#### Records for the exercise

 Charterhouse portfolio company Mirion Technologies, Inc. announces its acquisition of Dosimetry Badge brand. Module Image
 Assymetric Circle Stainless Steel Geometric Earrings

--

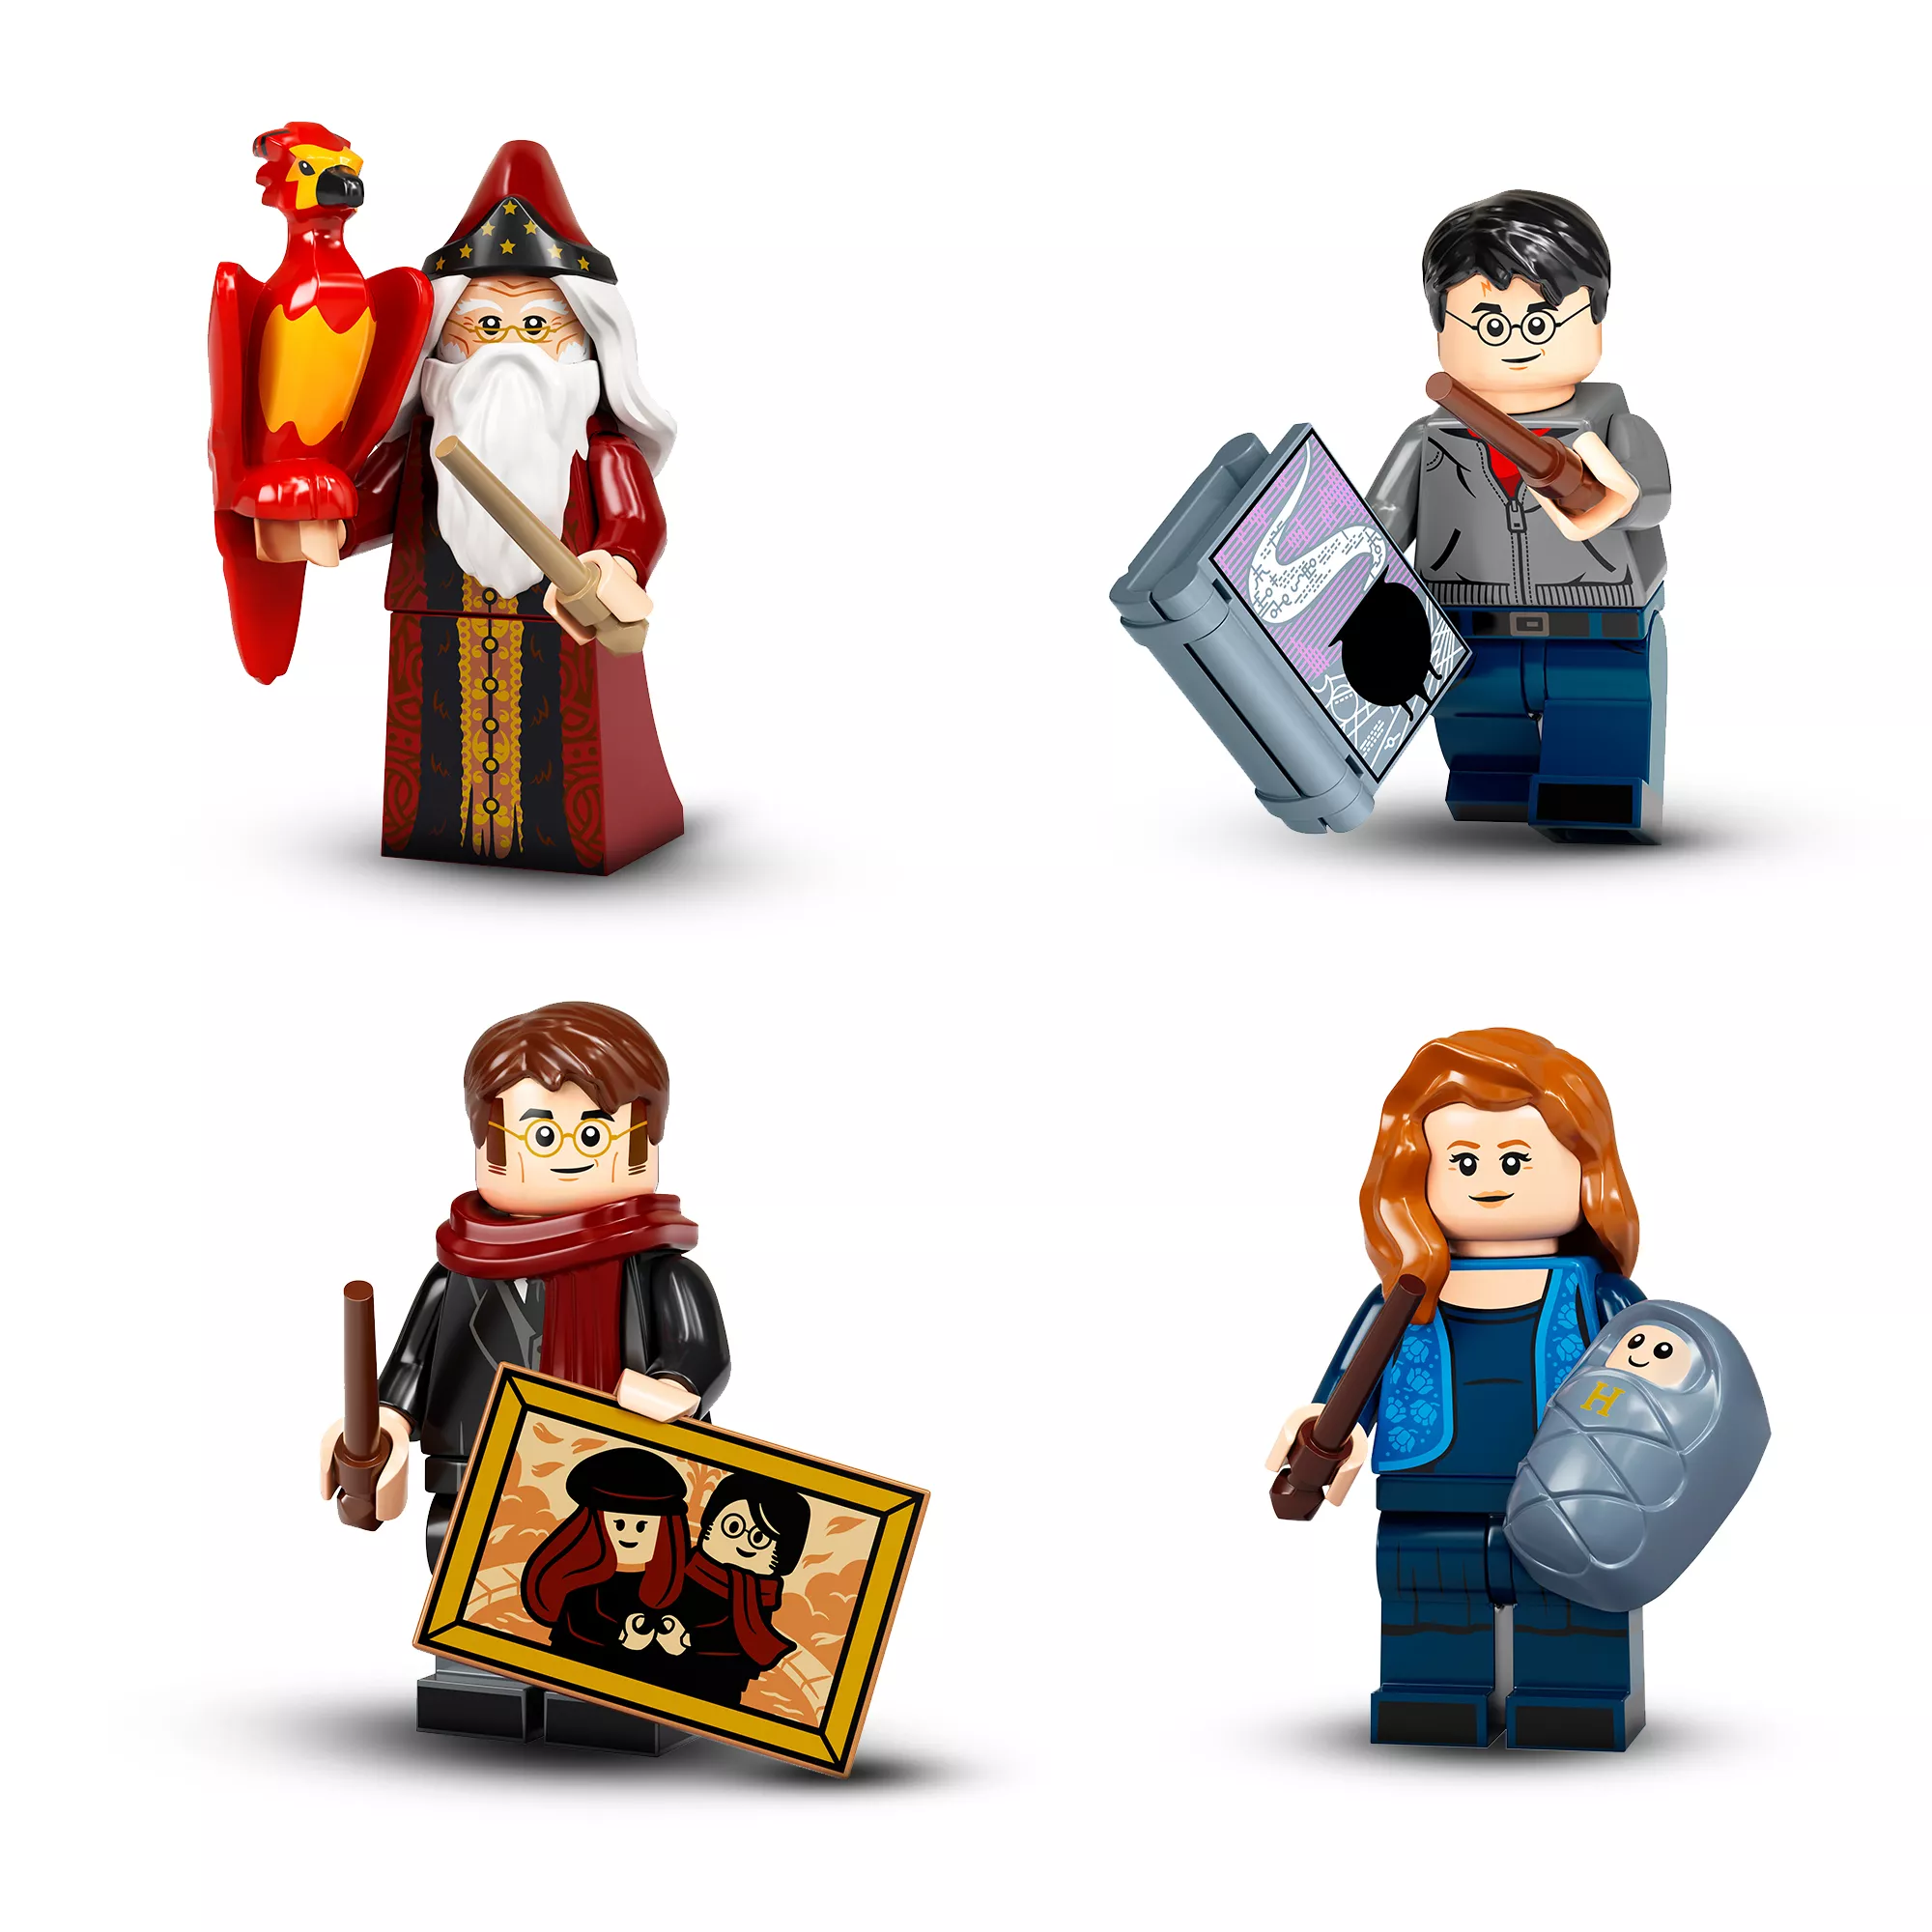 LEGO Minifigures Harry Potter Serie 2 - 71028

#### Requirement
All that is needed is the exact run of lines above from the line containing "Charterhouse portfolio company" through the line containing "Assymetric Circle Stainless", both of them included.

#### Exercise response
 Charterhouse portfolio company Mirion Technologies, Inc. announces its acquisition of Dosimetry Badge brand. Module Image
 Assymetric Circle Stainless Steel Geometric Earrings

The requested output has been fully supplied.